I like it, but am skeptical about Audi's reliability.


----------



## AutoUnion (Apr 11, 2005)

Ajax said:


> I like it, but am skeptical about Audi's reliability.


You mean the same brand that has better than BMW for the last couple years?


----------



## bm323 (Jul 14, 2010)

AutoUnion said:


> Meanwhile, over at BMW, this beauty is being made


Yup, you mean this http://2.bp.blogspot.com/-Kj0iaVcDO...ONG4M2ij10/s1600/2014-BMW-4-Series-Coupe-.jpg

http://2.bp.blogspot.com/-Kj0iaVcDO...ONG4M2ij10/s1600/2014-BMW-4-Series-Coupe-.jpg

Allow me to introduce the biggest Audifanboy on the F10 bimmerfest forum "Auto Union was an amalgamation of four German automobile manufacturers, founded in 1932 and established in 1936 in Chemnitz, Saxony, during the Great Depression. The company has evolved into present day Audi, as a subsidiary of Volkswagen Group" http://en.wikipedia.org/wiki/Auto_Union

who keeps lambasting the F10 whenever there is an opportunity to  one who feels jabbed whenever Audi or their cars are spoken ill of; one who claims he has the X5


----------



## AutoUnion (Apr 11, 2005)

bm323 said:


> who keeps lambasting the F10 whenever there is an opportunity to  *one who feels jabbed whenever Audi or their cars are spoken ill* of; one who claims he has the X5


Look at yourself brah. I'm not the one freaking out whenever something bad is said about BMW.

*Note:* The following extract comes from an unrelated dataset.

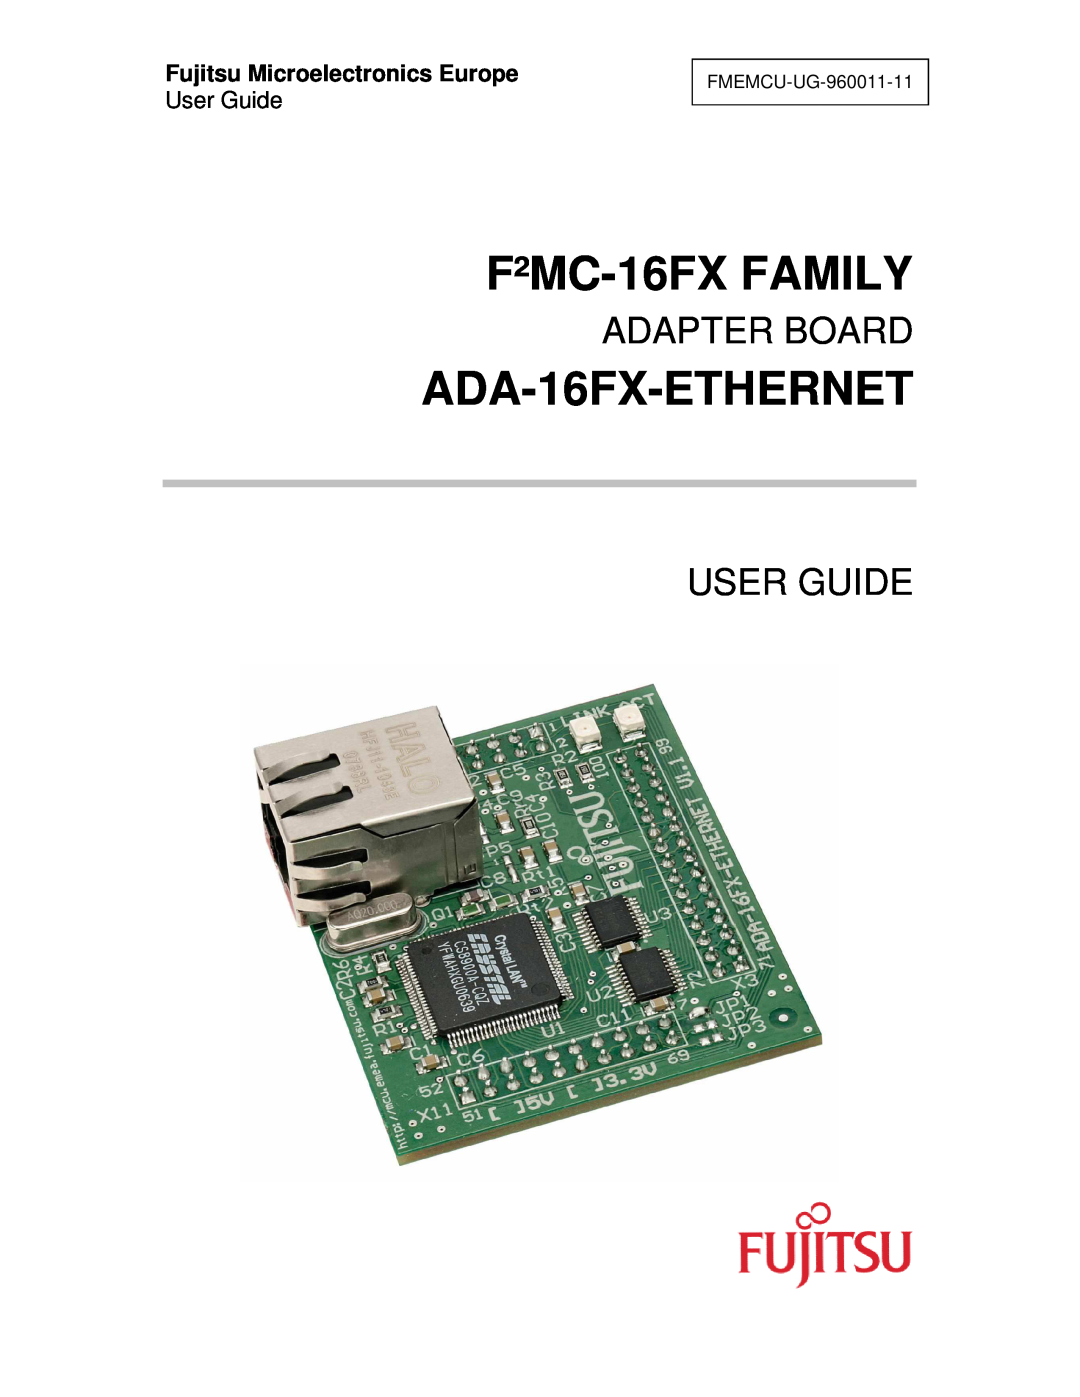 Fujitsu manual F²MC-16FX FAMILY, ADA-16FX-ETHERNET, Adapter Board, User Guide, Fujitsu Microelectronics Europe 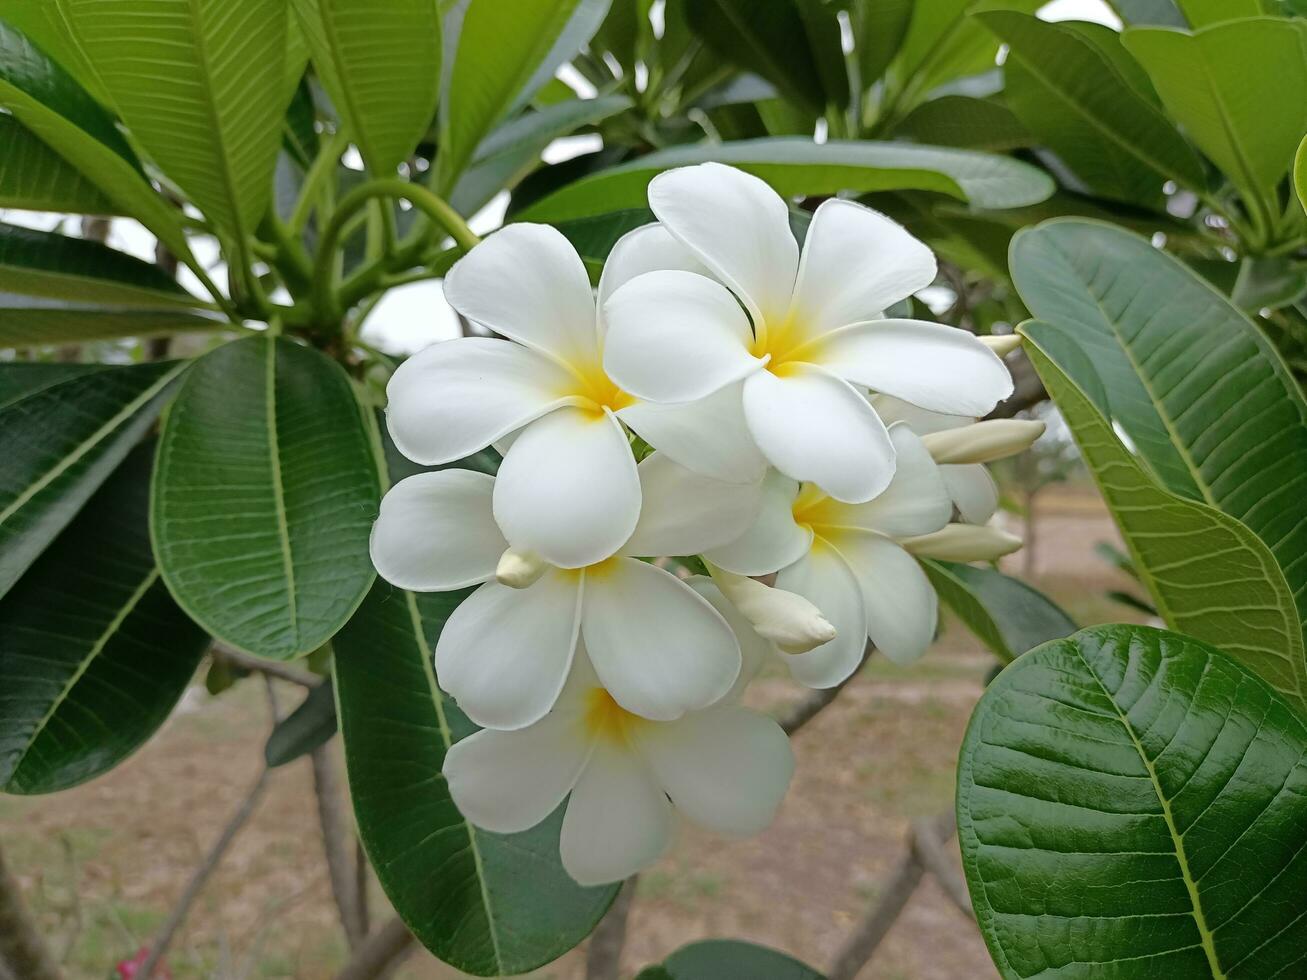 foto de flores brancas de frangipani

Anyways, you're back on my ignore list. Congrats. Don't have time to deal with children who freak out over the most mundane things.


----------



## Ajax (Feb 1, 2002)

AutoUnion said:


> You mean the same brand that has better than BMW for the last couple years?


Yep, the same brand that all my friends and coworkers say they will never buy again. The one with the 4 rings, not the roundel.


----------



## Dave 330i (Jan 4, 2002)

rezo said:


> Nice. I'm done here - going back to enjoy my slow, underpowered 550...........


 That thing might give my 997 Turbo a run for the money.


----------